As children are not always fasted when they take DDAVP (right before bedtime), this food effect may have consequences for the optimal dosing. Even though the effect on the maximal response might be negligible, as it is in adults, there might be an influence on the duration of action [13].

An effect of WT on V _d/F was also found, indicating that dose adjustment could be necessary to maximize efficacy in this pediatric population. However, the extent of the body weight influence is quite unclear from these data, as the exponent of the power relation exhibits quite a large uncertainty. More informative trials may result in smaller CIs for this (and other) parameters. Indeed, although the model evaluation was positive, the amount of information in the data seemed to be exhausted in this (relatively simple) model. This was, for example, clear from the failure to additionally estimate IIV on CL and the first-order absorption rate constant (K _a). However, the variability in CL in the population was still somewhat captured by the model, as CL and V _d are correlated via bioavailability, F. This way, the IIV on CL is partially captured by the IIV on F and V _d. K _a, and especially its IIV, should be estimated though, which is why a new trial with more intensive sampling of the absorption phase is needed.

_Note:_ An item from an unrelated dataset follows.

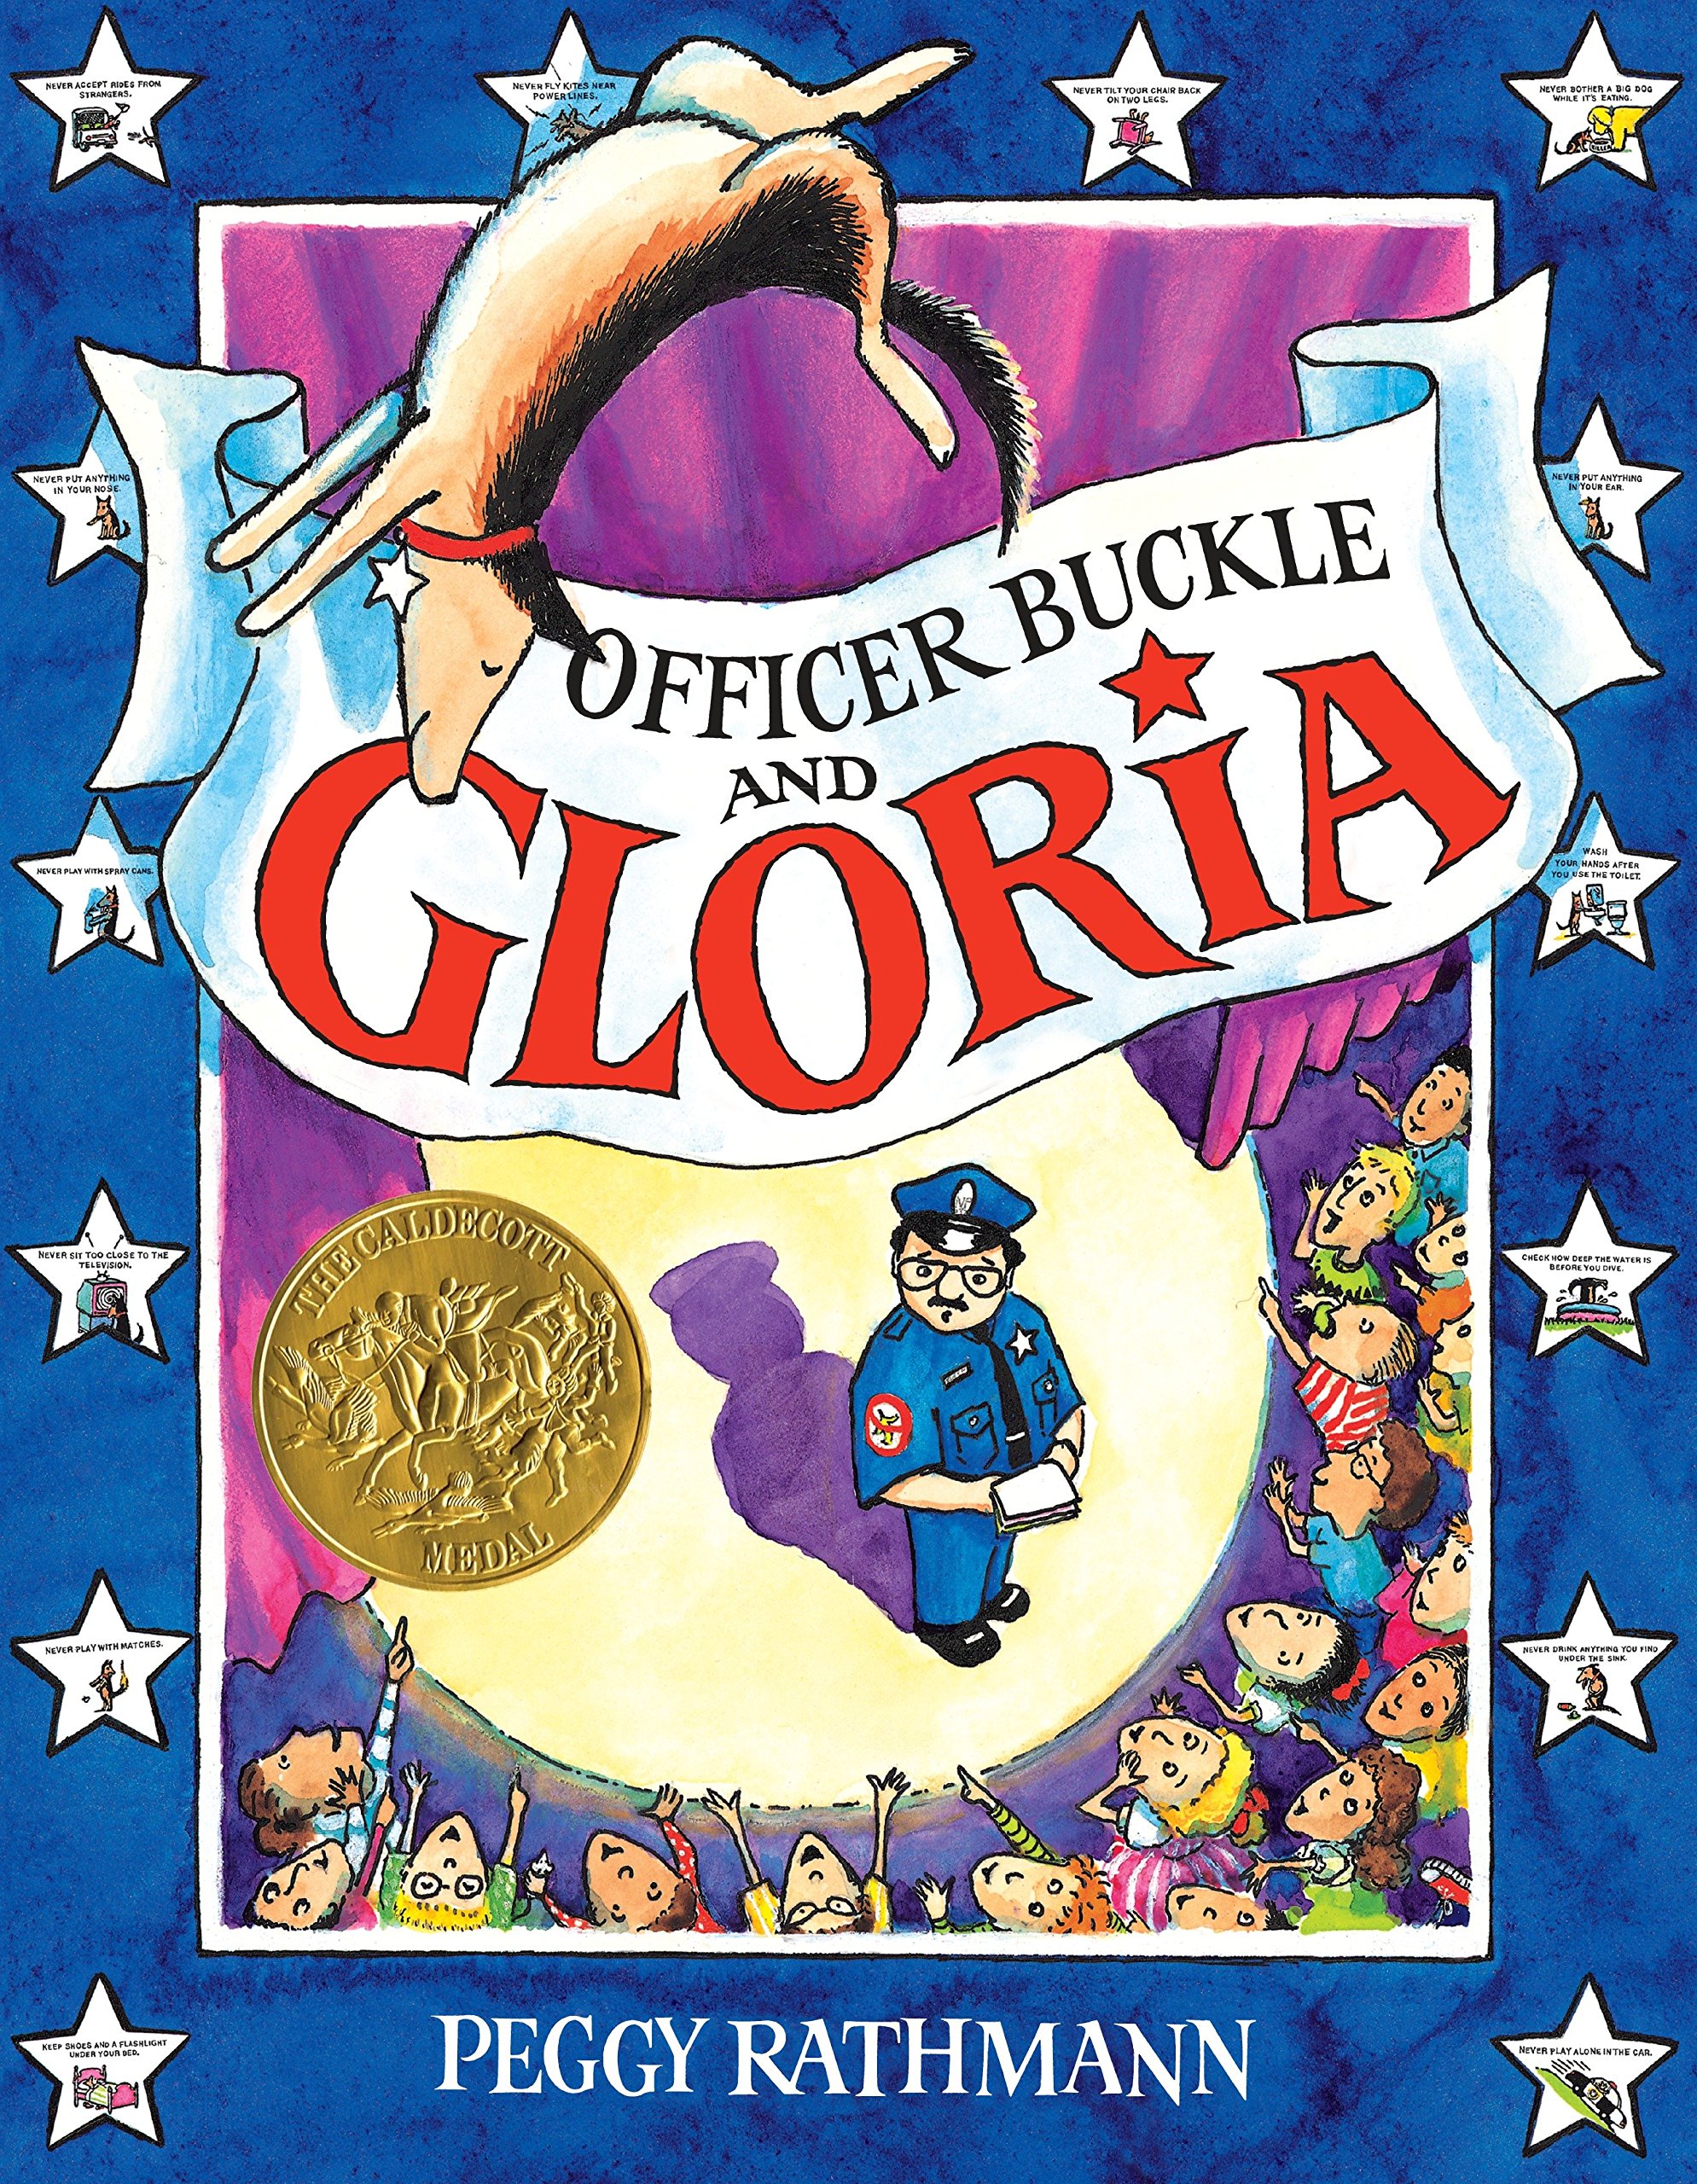 speech and language teaching concepts for Officer Buckle and Gloria in speech therapy​ ​

Therefore, a sensitivity analysis was conducted in order to suggest sampling times for a new trial. More intensive sampling in the absorption phase is advisable, as is proposed by both the LSA and the OED. We suggest designing the trial according to the LSA results, as these time points are more practical in a clinical setting, and the OED was only 1.34 times more efficient than the LSA design. This design was based on eight samples, while—theoretically speaking—three sampling points (the number of parameters in the model) should be sufficient [34]. However, because the follow-up study will also investigate pharmacodynamics, and because of logistical risks, more samples are preferable.

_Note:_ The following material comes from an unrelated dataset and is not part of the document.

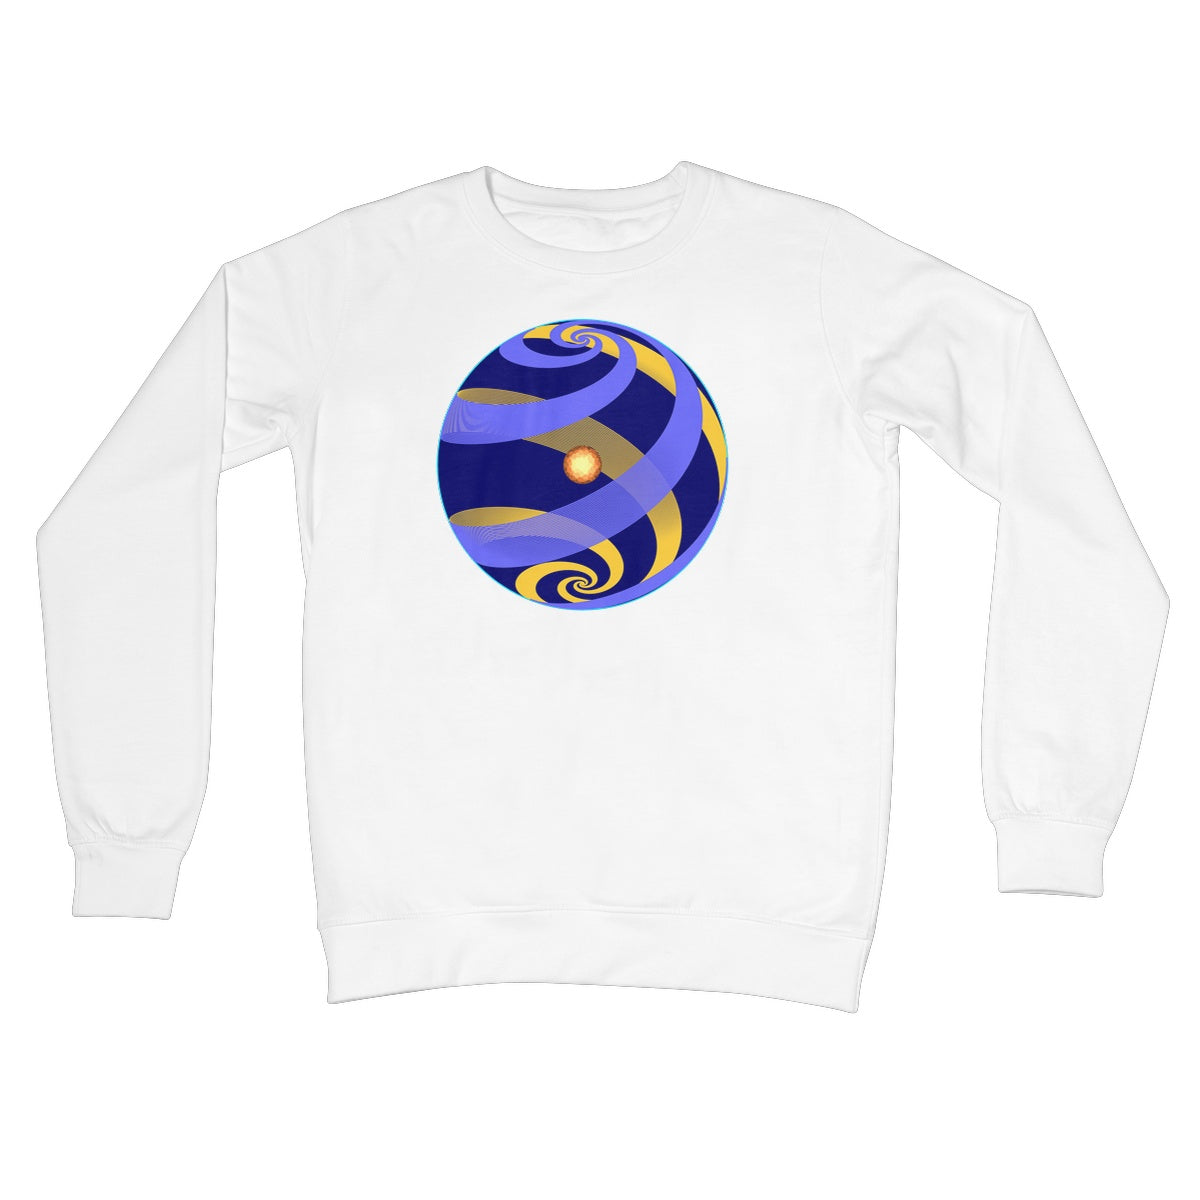 A white sweatshirt with a blue and gold spherical spiral pattern

As the difference between the two formulations is not only a matter of pharmacokinetics, pharmacodynamics will also be monitored in this new trial. It was, for example, demonstrated in adults that there is a significant effect of sex on DDAVP pharmacodynamics [38]. This effect is thought to be caused by a difference in V2 receptor expression [39] and should also be investigated in children. As our study was based exclusively on pharmacokinetic data, no inferences about the optimal sampling scheme for pharmacodynamic analysis could be made. In the newly designed trial, pharmacodynamic characteristics, such as urine volume and plasma osmolality, will be measured, after which a population approach will be used to gain knowledge about the complete pharmacokinetic/pharmacodynamic behavior of DDAVP in the pediatric population.

5 Conclusion

In this analysis, we presented evidence on the effects of body weight and the fed state on the pharmacokinetics of desmopressin in children. Furthermore, the relative bioavailability between the lyophilisate and tablet formulations is probably not the same in children as it is in adults. We should be reluctant to accept that bioequivalence exists in children on the basis of adult data alone. Our study also offered suggestions for optimizing the sampling design of a new trial, and a sample size calculation for a bioequivalence trial was also provided.